From which Cowen omits property rights. Another interpretation of recent history is we had lots of progress until the 60's and 70's, and then people started feeling that too much had changed: books like Future Shock were written, and people like Jane Jacobs became heros after burying titans of Progress like Robert Moses.
Why was this different than in previous times? Cowen notes that one of the US's big advantages was being able to cultivate large amounts of free land. Only that land wasn't actually free, it's just that the Native Americans using it had no property rights.
When we go around nuking parts of the Now to make way for the New, we have to decide which parts of the Now get nuked, in other words, every future is theft, and politics is making sure someone else gets robbed.

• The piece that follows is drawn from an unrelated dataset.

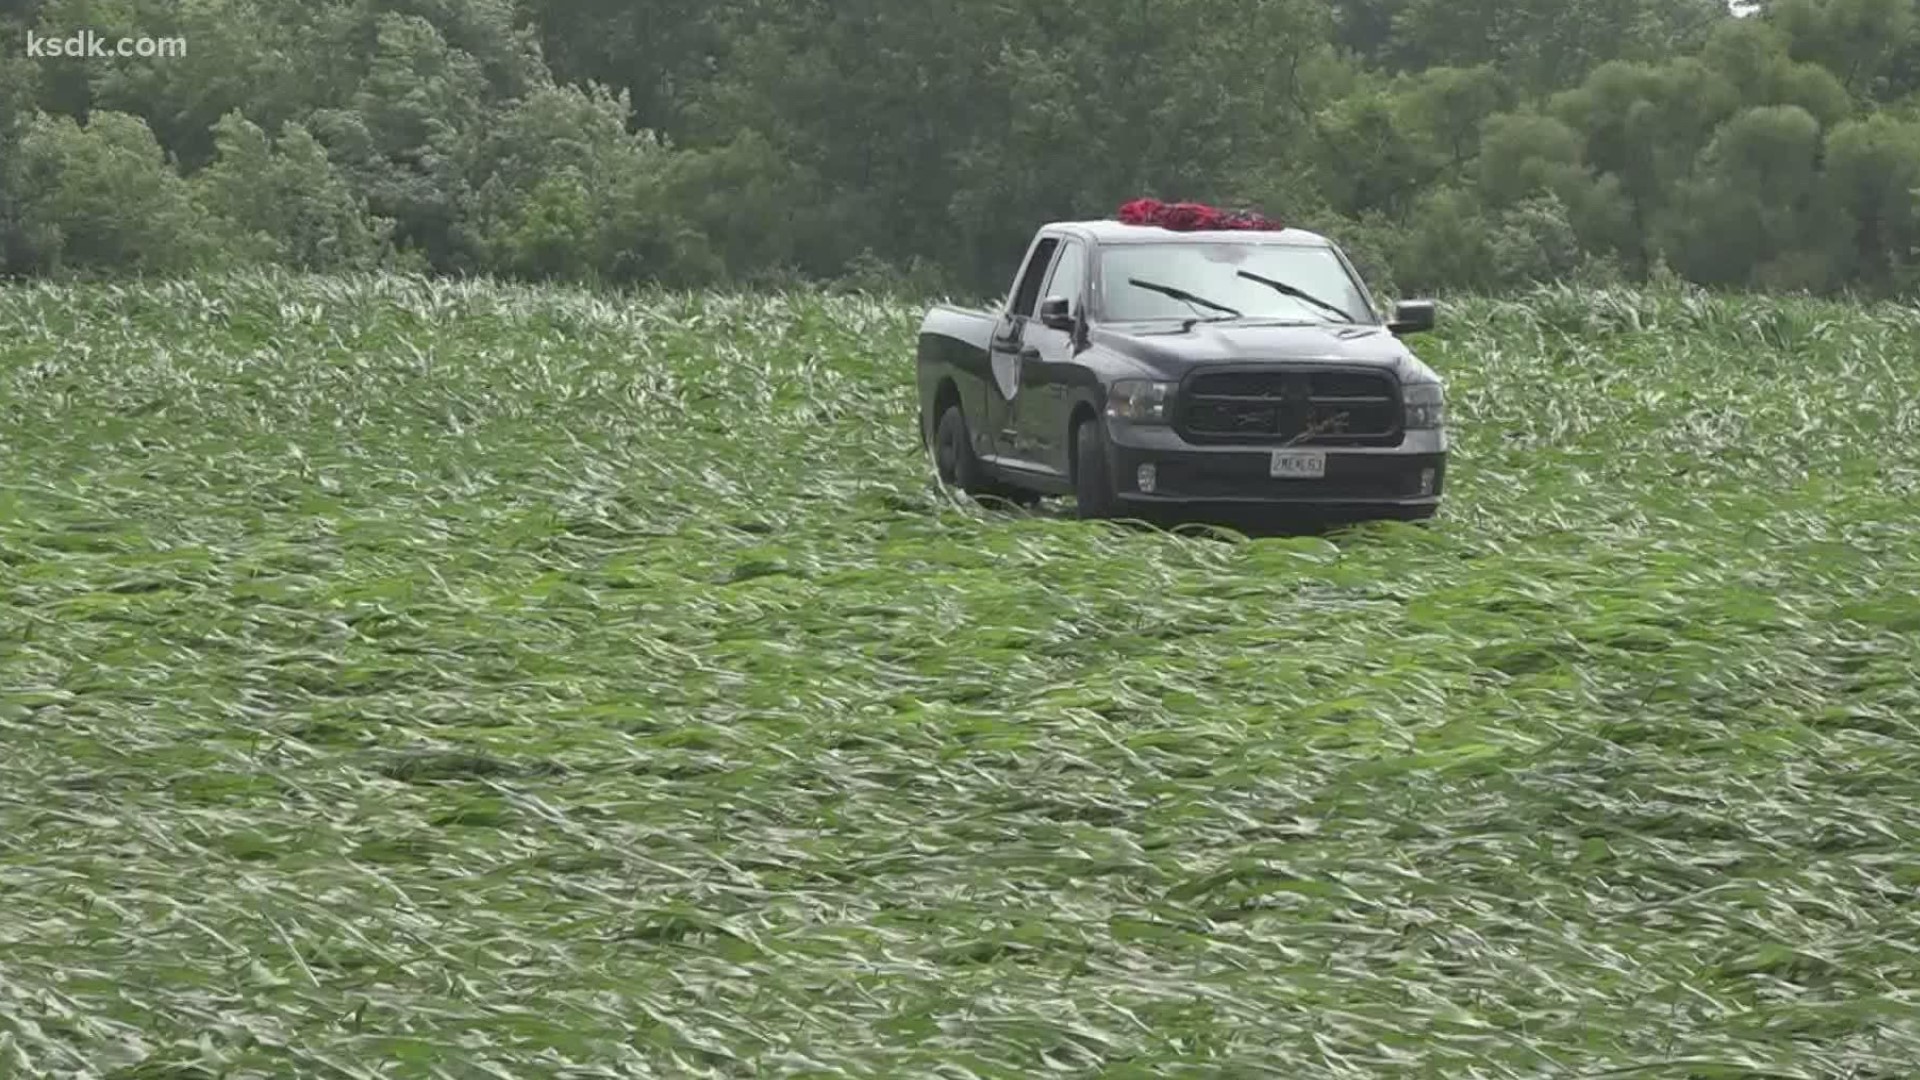 Rushing waters lift and carry pickup into middle of corn field; driver stayed in cab, is OK

In a post-70's NIMBY world where many people have veto power, perhaps we have hamstrung the process of Creative Destruction by preventing the destructive half of its nature because someone objects to it?
Ed Glaeser blames zoning restrictions for making urban housing expensive. Zoning alterations are minor; imagine making the sweep of changes Baron Haussmann wrought upon Paris in today's world. It seems impossible now, and it probably seemed impossible then. Even after the Great Fire, London successfully avoided its great opportunity to redesign.
It does not seem too large a leap to consider that people lobbying local officials to prevent some loss might retard change that we can see, i.e. that which has a material impact on our standard of living.
If that's the case, we either live with this democratic sclerosis, or we have to somehow reduce the number of stakeholders across large sections of what we consider everyday normal life. Since that's large enough to be politically intractable, expect the future to arrive only in places new (like the Internet) or less politically polluted (like Robots since labor unions continue to be weak).